I have contingency tables RxC. How chisq.test
and fisher.test
functions work when called with arguments simulate.p.value = TRUE, B = 5000
?
I'm using the code below to validate the association (or independence) in the contingency table DATA
:
chisq.test(DATA, simulate.p.value = TRUE, B = 5000, correct = FALSE)
fisher.test(DATA,hybrid = TRUE, simulate.p.value = TRUE)
I know that the test can perform Monte Carlo simulations to estimate the p-value of the test, what I want to know is how these simulations are done internally, that is, if the simulations are made to arrive at a normal distribution or another distribution to deliver the p-value at the end of the test?
In chisq.test
and fisher.test
p-value simulation is carried out in a non-parametric way without prior distribution assumption.
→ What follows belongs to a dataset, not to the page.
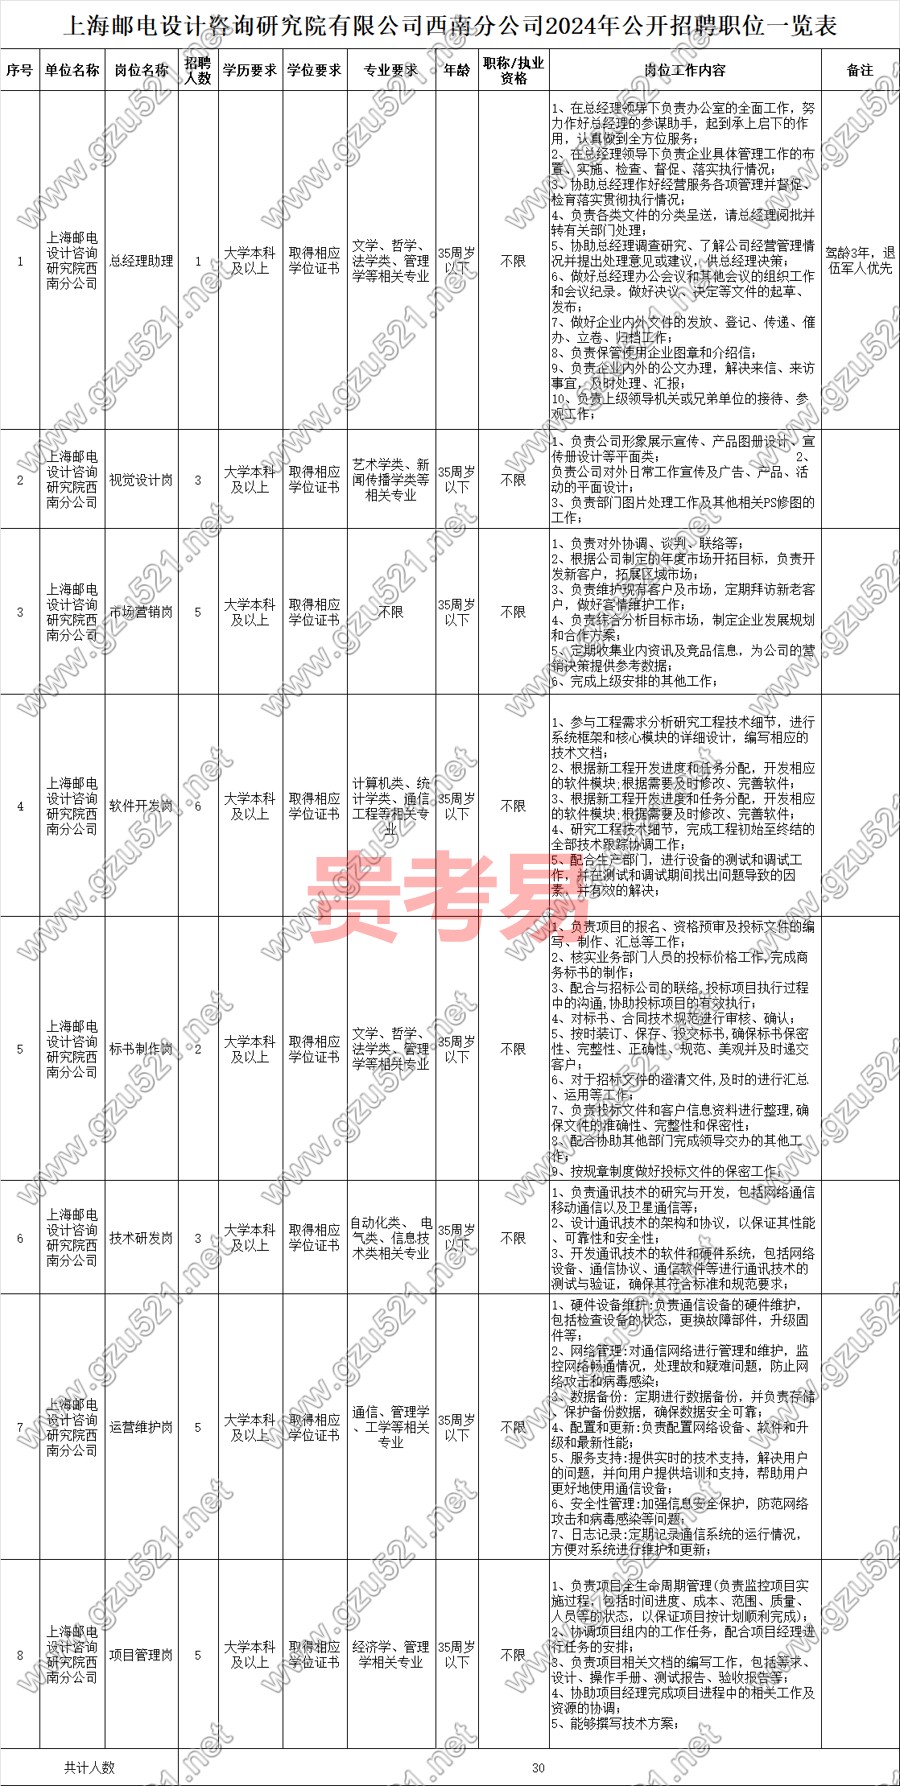 上海郵電設計咨詢研究院有限公司西南分公司2024年公開招聘公告

Please see the excerpt of source code for chisq.test
:
if (simulate.p.value) {
setMETH()
nx <- length(x)
sm <- matrix(sample.int(nx, B * n, TRUE, prob = p),
nrow = n)
ss <- apply(sm, 2L, function(x, E, k) {
sum((table(factor(x, levels = 1L:k)) - E)^2/E)
}, E = E, k = nx)
PARAMETER <- NA
PVAL <- (1 + sum(ss >= almost.1 * STATISTIC))/(B + 1)
}